Adolescent fashions with shaggy hair stomped grumpily previous, within the designer’s signature fashion, showcasing his early 70s types that had been on excessive the shimmer and riffed on LA rock.
Winklepickers and blue drainpipe denims had been capped with fringed black leather-based coats and shades — within the Franco-Tunisian’s designer’s tried-and-tested types. Black, gently flared pants had been used as a backdrop for assertion fringed coats and jackets. One got here in dazzling gold sequins.
But regardless of the razzmatazz, there was little new right here within the designer’s repertoire. For Slimane, who shopped an identical aesthetic at Saint Laurent with panache, it’s a case of “if it ain’t broke, don’t repair it.”
WOOYOUNGMI’S GENTLE CONTRADICTIONS
Sobriety met moments of punk — and the “late-Nineties skateboarding group” — in South Korean designer Woo Younger Mi’s assortment on Sunday, held within the ornate interiors of Paris’ Musee des Arts Decoratifs.
Stylish tailoring on fits, akin to a double breasted quantity that opened the present with a fragile nip on the waists, contrasted with white sneakers and vests. It made for a deft play in contradiction.
Pants had been an enormous theme — designed in a classy 90s dishevelled fashion. They hung in a lovely curved form on the backside of the leg.
There have been moments of sensuality — and humor — all through this 42-piece co-ed present that marked 20 years because the model was launched. One tactile and semi-transparent blue punk vest was worn by a mannequin with greasy grungy hair who held a fancy sq. leather-based bag.
THOM BROWNE’S INFINITE VARIATIONS
It was a performative runway event for suit-loving Thom Browne, as VIPs together with Farida Khelfa — dressed head to toe within the designer’s garb — arrived theatrically to take their seats after the present had apparently begun. Friends had been in stitches laughing at what appeared to be intentional choreography.
An odd retro voiceover then signaled the “actual” present would begin — as a male mannequin with large, spiky punk hair strutted out in an ecru tailor-made jacket, tie and shorts.
Pastel grey tweeds in contrasting patterns – and with multitudinous layers that had been utterly unfit for the spring-summer season – adopted.
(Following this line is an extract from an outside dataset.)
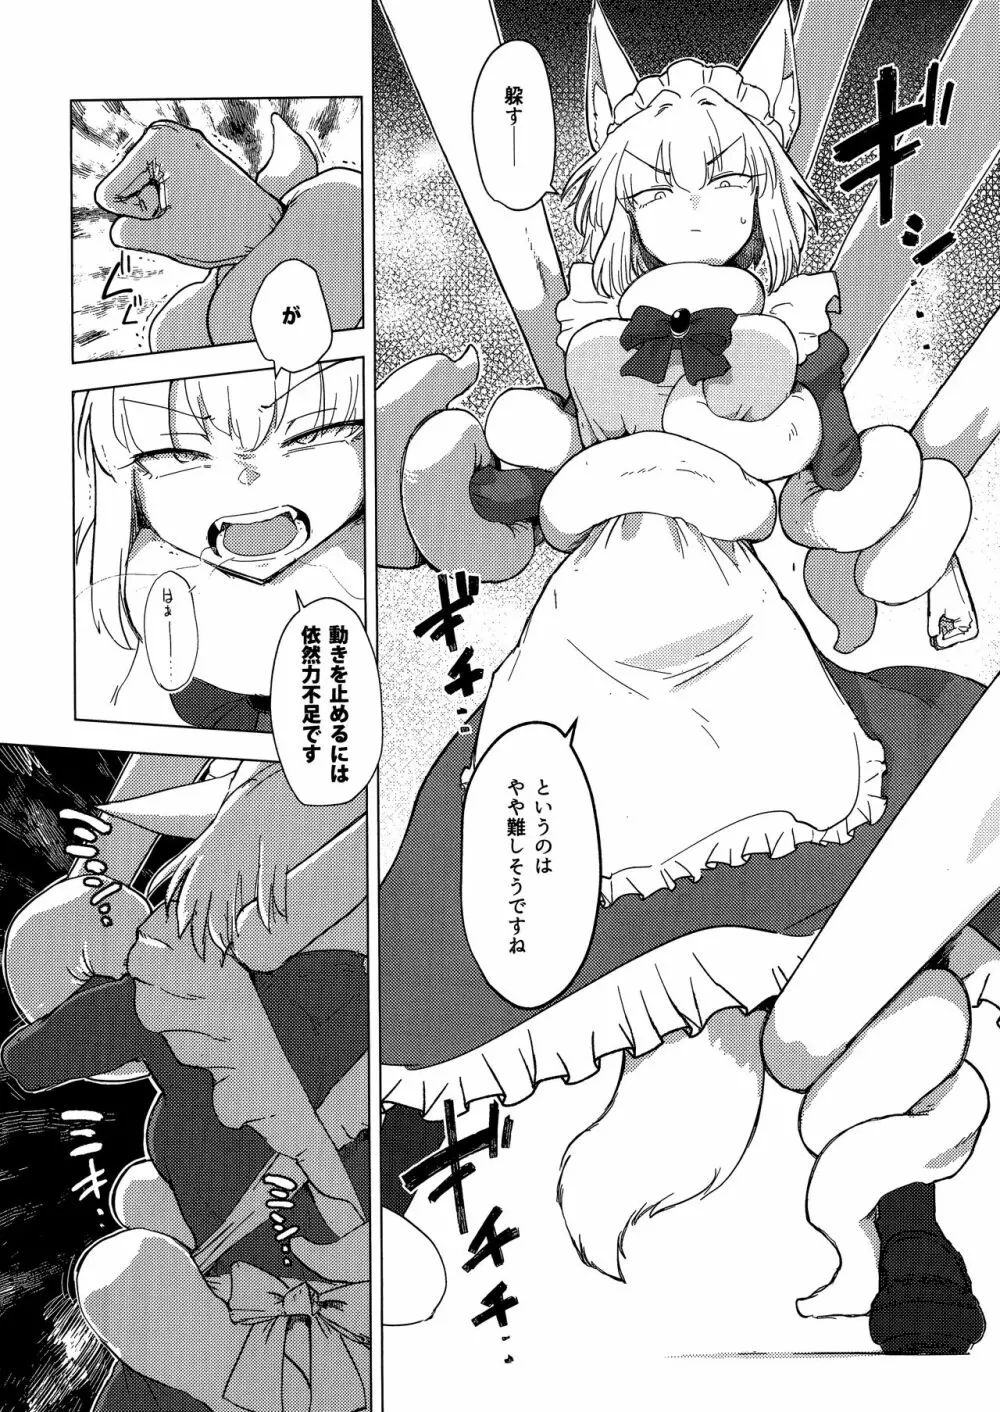 Wolf in sheep's clothing in Tentacles Page.11

They had been worn by a mannequin with an ornamental anchor masking his face holding a hound-shaped bag, and a “35” signal within the custom of old-school couture, which featured numbered seems.
Stripy socks, tailor-made shorts, tweed skirts, black briefcases and patterned pastel fits in checks and stripes created what appeared like infinite variations on the identical theme.